A NOVA ÁGUIA pretende ser uma homenagem a essa tão importante revista da nossa História, procurando recriar o seu “espírito”, adaptado ao século XXI, conforme se pode ler no nosso
Manifesto.

Tal como n’ A Águia, procuraremos o contributo das mais relevantes figuras da nossa Cultura, que serão chamadas a reflectir sobre determinados temas:

- 1º número (1º semestre de 2008): A ideia de Pátria: sua actualidade.

- 2º número (2º semestre de 2008): António Vieira e o futuro da Lusofonia.

- 3º número (1º semestre de 2009): O legado de Agostinho da Silva, 15 anos após a sua morte.

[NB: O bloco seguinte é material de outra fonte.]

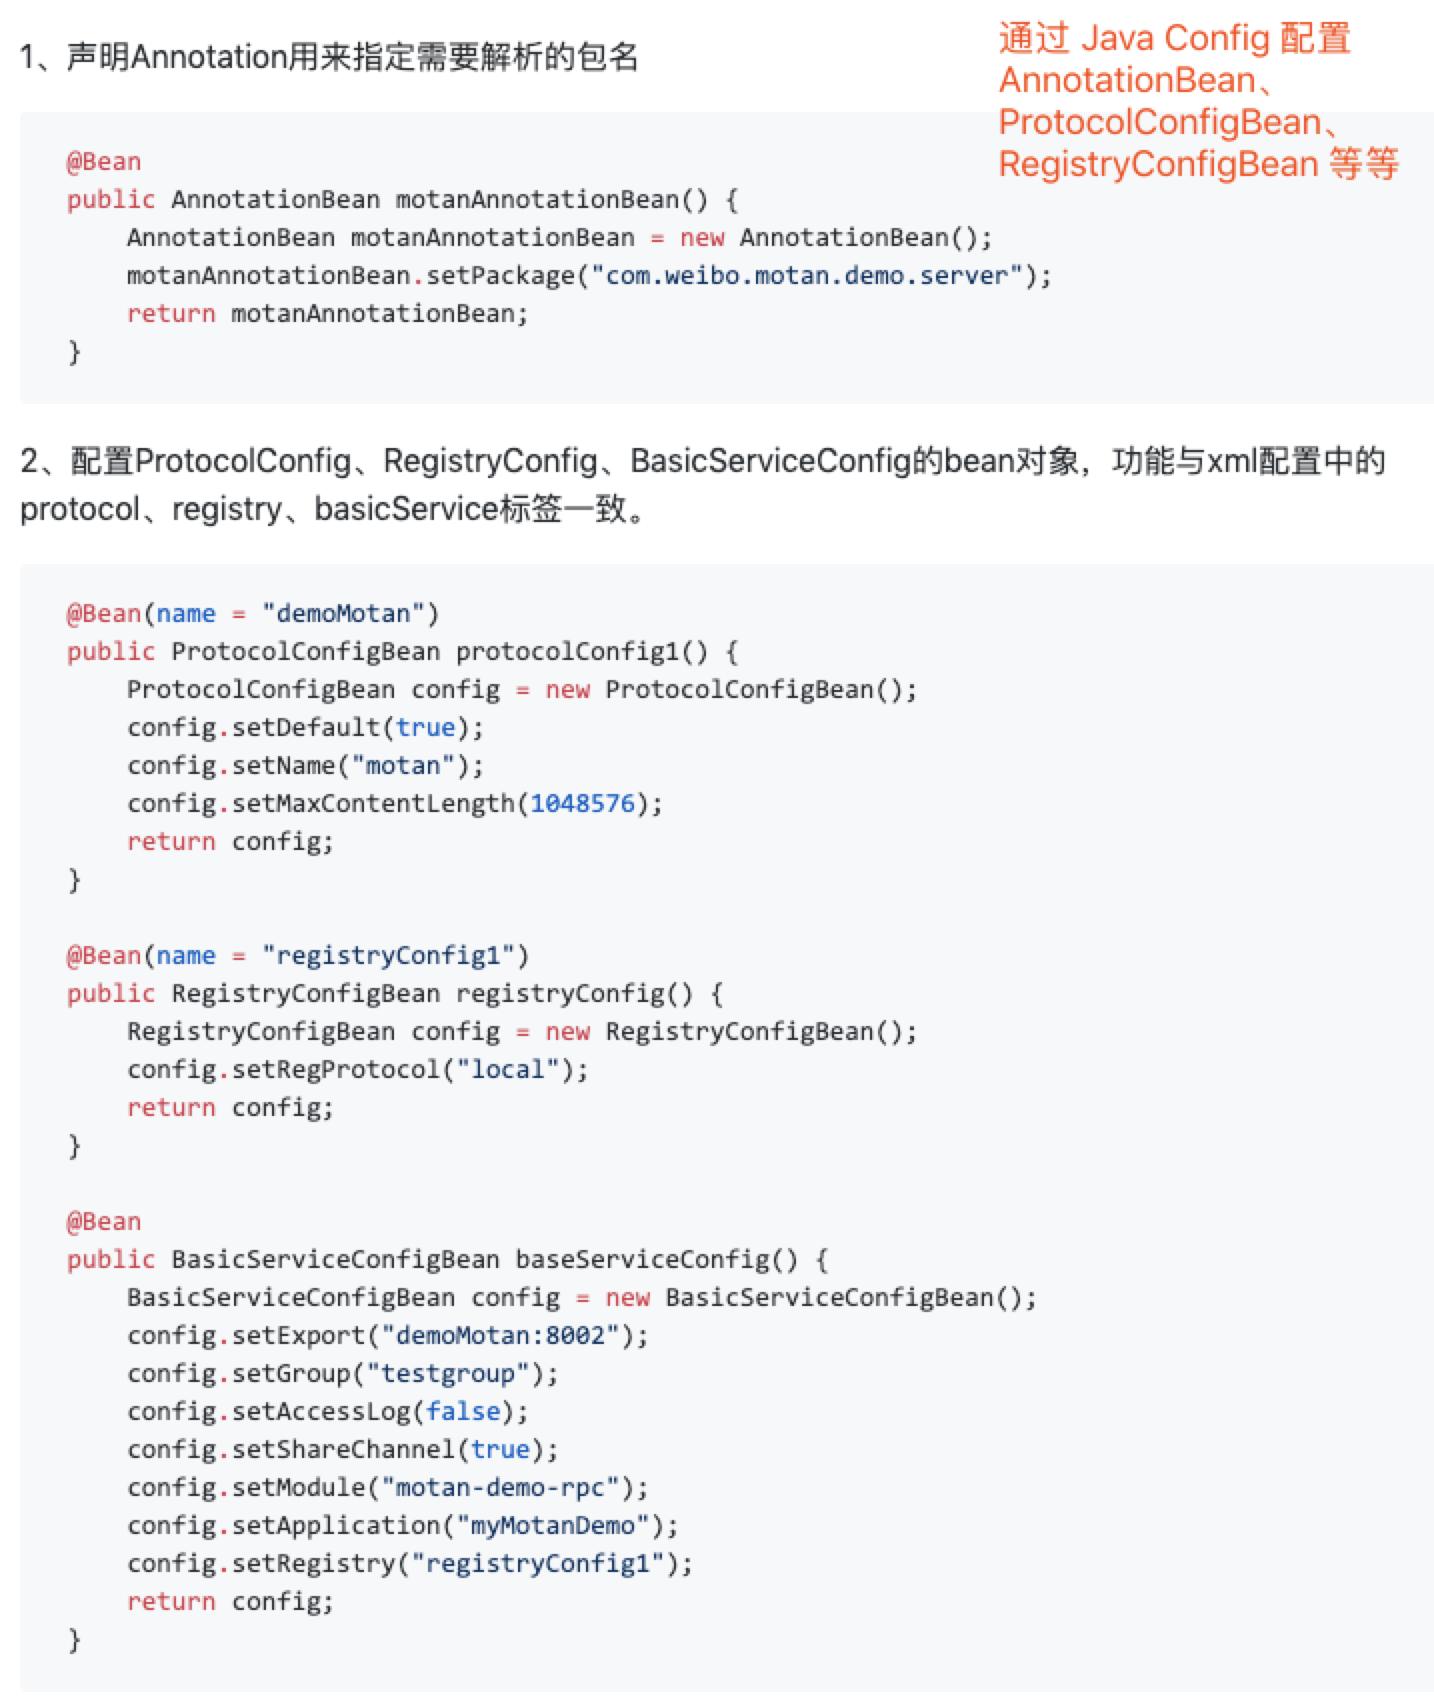 Java Config

- 4º número (2º semestre de 2009): Pascoaes, Portugal e a Europa: 20 anos após a queda do Muro de Berlim.

- 5º número (1º semestre de 2010): Os 100 anos d' A Águia e a situação cultural de hoje.

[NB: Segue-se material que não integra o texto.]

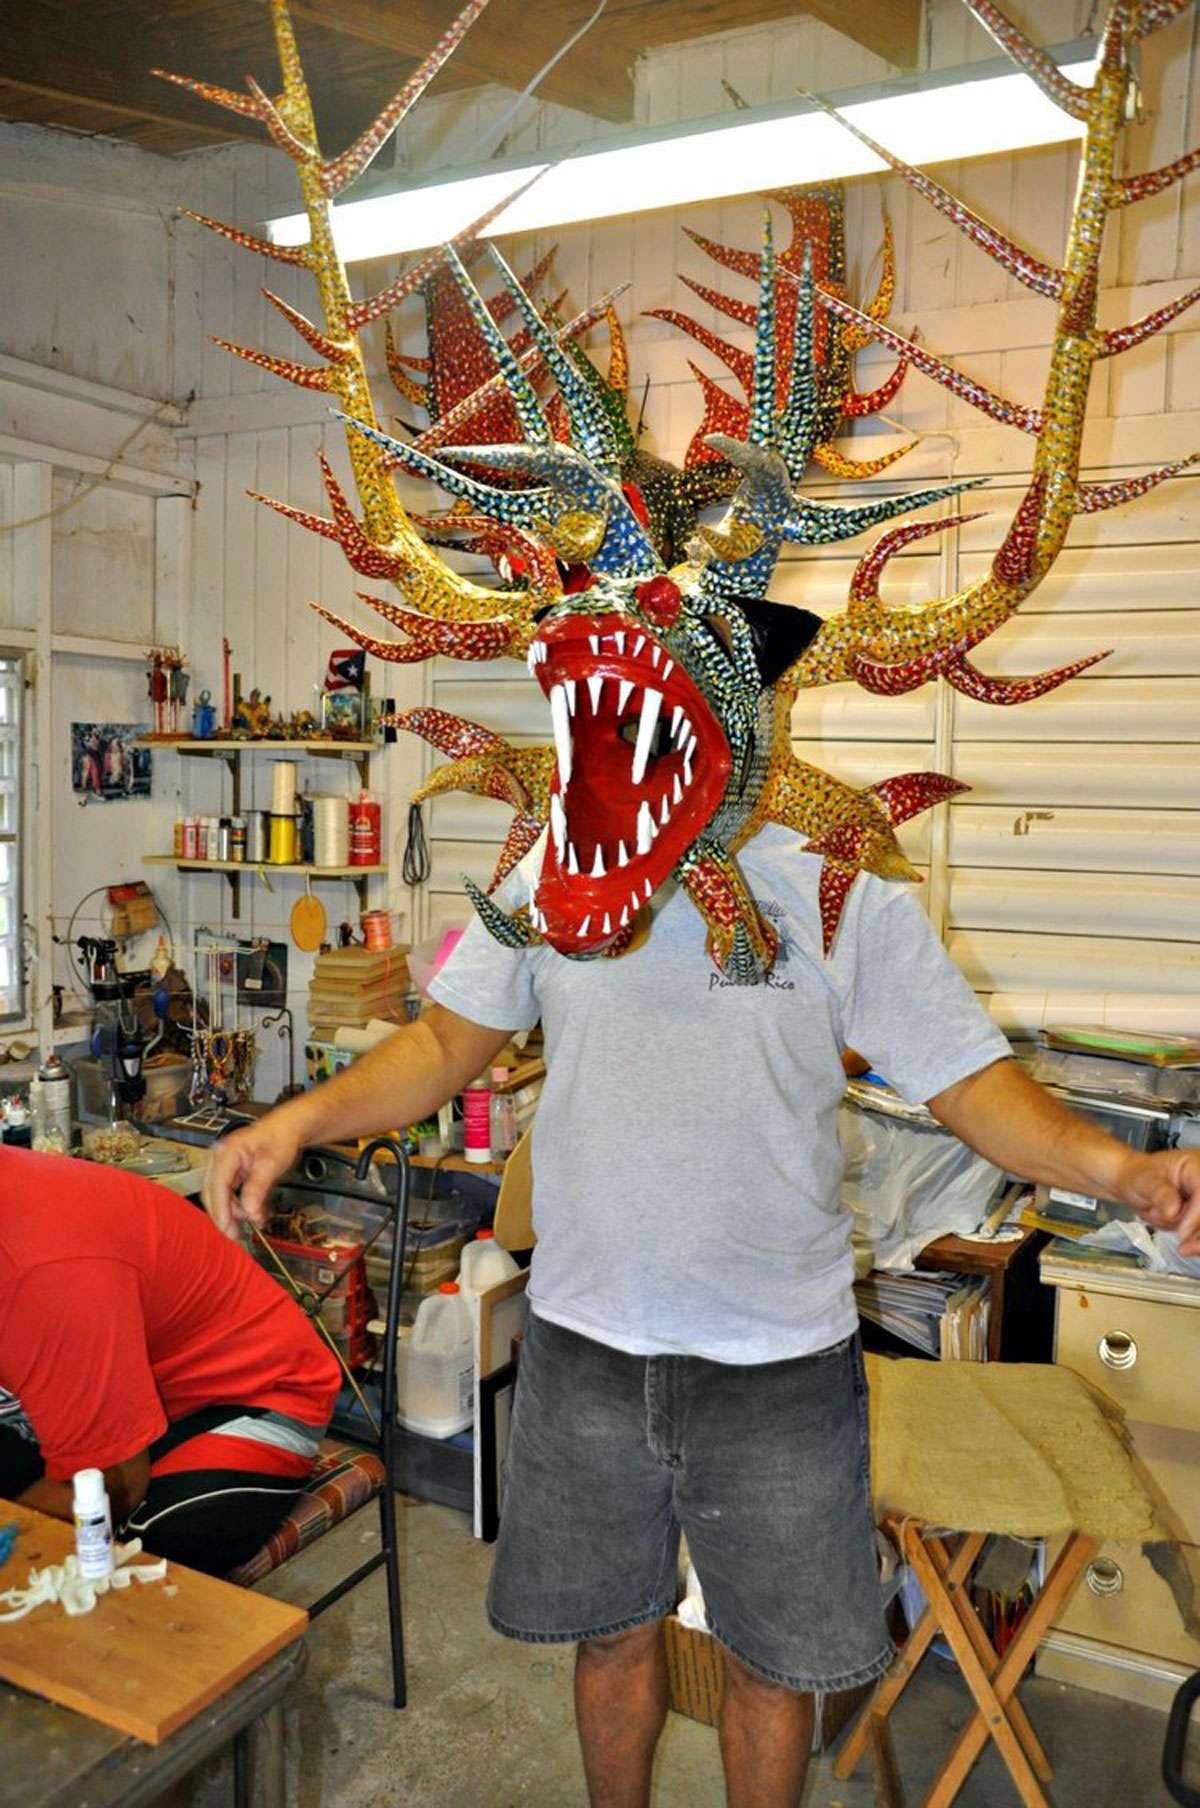 Juan Alindato Junior   shows off one of his creations.   Photo: Meg Pier

- 6º número (2º semestre de 2010): A República, 100 anos depois.

- 7º número (1º semestre de 2011): Fernando Pessoa: "Minha pátria é a língua portuguesa" (nos 15 anos da CPLP).

- 8º número (2º semestre de 2011): O Pensamento da Cultura de Língua Portuguesa: nos 30 anos da morte de Álvaro Ribeiro.

- 9º número (1º semestre de 2012): Nos 100 anos da Renascença Portuguesa: como será Portugal daqui a 100 anos?

- 10º número (2º semestre de 2012): Leonardo Coimbra, Dalila Pereira da Costa, Manuel Laranjeira e João de Deus: Razão e Espiritualidade.

- 11º número (1º semestre de 2013): "Da minha língua vê-se o mar": o Mar e a Lusofonia.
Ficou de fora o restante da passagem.